Table 4. Comparison of the MCG and Imprinting models with the full model.
Parameters included | Central European study | Northern European study | ||||||||||
---|---|---|---|---|---|---|---|---|---|---|---|---|
Model | R1 | R2 | Im | S1 | lnlik | P null a | P CG b | P full c | lnlik | P null a | P CG b | P full c |
Null | - | - | - | - | −3378.5 | −1376.3 | ||||||
CG | + | + | - | - | −3209.89 | 5.9 x 10–74 | −1343.5 | x 10−17 | ||||
MG | + | + | - | + | −3199.46 | 2.7 x 10−77 | 5.0 x 10−06 | 2.9 x 10−02 | −1339.8 | 1.4 x 10−17 | 0.005 | 0.162 |
Im | + | + | + | - | −3207.92 | 1.2 x 10−73 | 4.7 x 10−02 | 3.2 x 10−06 | −1342.3 | 3.3 x 10−16 | 0.25 | 0.004 |
Full | + | + | + | + | −3197.07 | 2.9 x 10−77 | 2.7 x 10−06 | −1339.5 | 3.1 x 10−17 | 0.008 |
The “+” and “-” symbols indicate whether a given risk parameter was included or excluded in the corresponding model. lnlik is the maximized ln likelihood for each model.

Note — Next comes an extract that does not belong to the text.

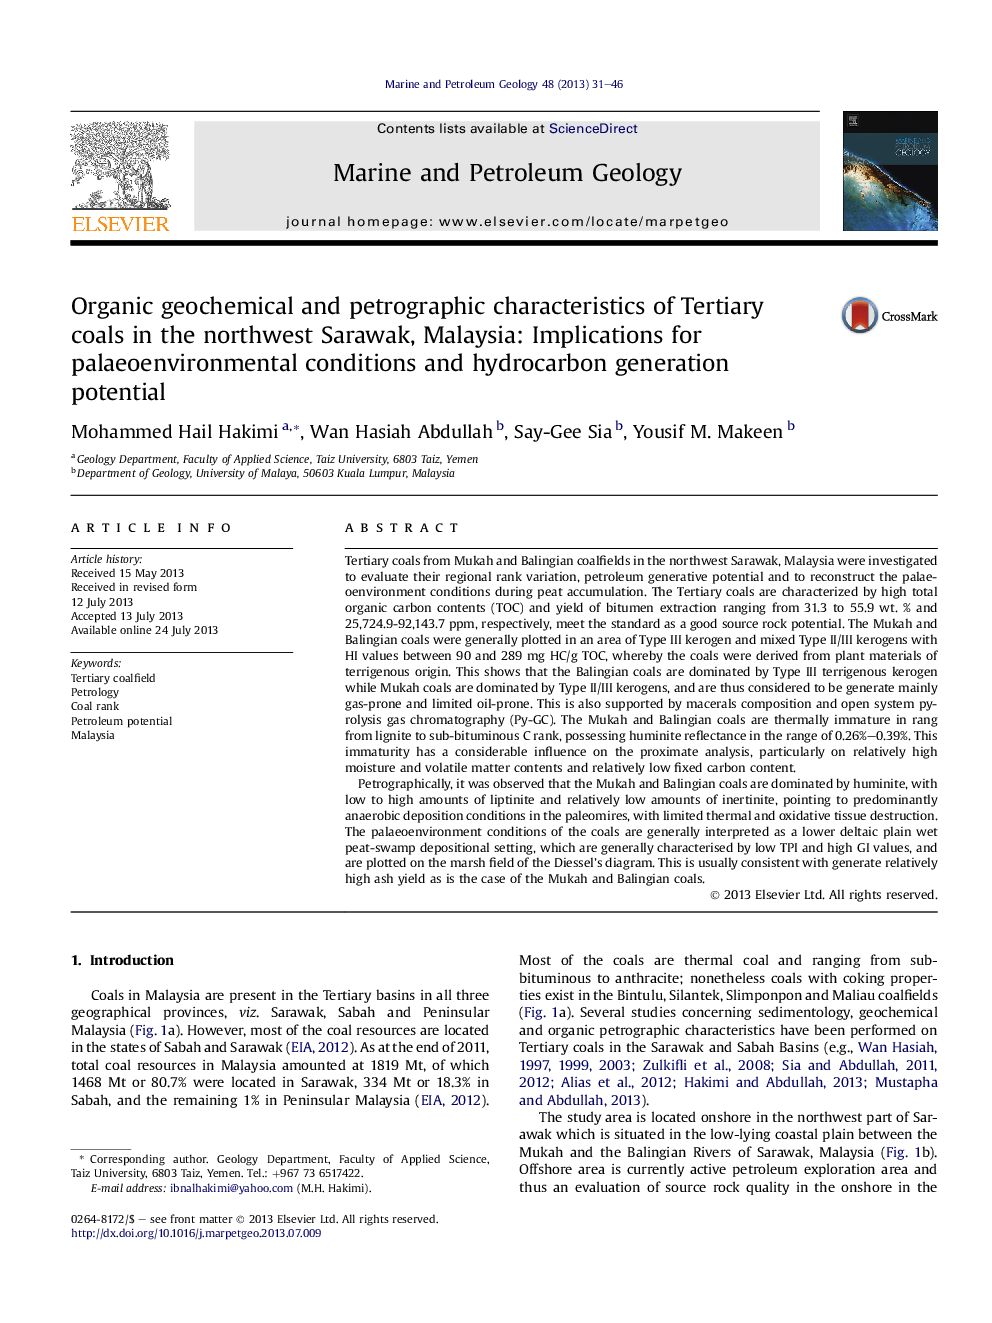 خصوصیات ژئوشیمیایی و پتروگرافی ارگانیک از ذغال سنگ ترتیب در شمال غربی ساراواک، مالزی: تاثیرات شرایط محیطی و پتانسیل تولید هیدروکربن

a P value for the comparison of each model versus the null model with no effects.
b P value for the comparison of each model versus the child genotype model including R1 and R2.
c P value for the comparison with the full model including all risk parameters (R1, R2, S1, S2, and Im).
Replication in an independent sample and meta-analysis
We aimed to replicate our findings by examining the same 4 FLG mutations in an independent Northern European population including 450 AD families and 1854 population-based control individuals (methods and Table 1) [17,20–22]. Step-by-step analysis with PREMIM/EMIM again supported a maternal genotype effect. The genotypes of both children and mothers had an independent effect on AD risk, and children of FLG-carrier mothers showed a 1.4 fold increased risk (R1 = 2.13, R2 = 5.89, S1 = 1.42; P MCG = 1.4 x 10−17; P MCG vs CG = 0.005; Table 3 and S3 Table). Importantly, the results obtained were consistent in both populations studied providing strong support to the existence of maternal genotype effects on FLG.
A meta-analysis was performed using the inverse variance method as implemented in METAL [23], which uses the effects estimates and standard errors from each risk parameter. This revealed a highly significant 1.5 fold increased AD risk in children of FLG-carrier mothers (S1meta-analysis = 1.50; P = 8.4 x 10−8; Table 3).
FLG mutations are more frequent in mothers than in fathers
Analysis of parental genotypes revealed a higher prevalence of FLG mutations in mothers than in fathers in both study populations (Fig. 1). This is consistent with the maternal genotype effect observed. Additionally the frequency of FLG mutations in the parental population (mothers and fathers together) was remarkably higher than in population-based controls of unknown phenotype. This is likely due to the recruitment of families with multiple affected children leading to a parental population enriched in strong genetic risk factors.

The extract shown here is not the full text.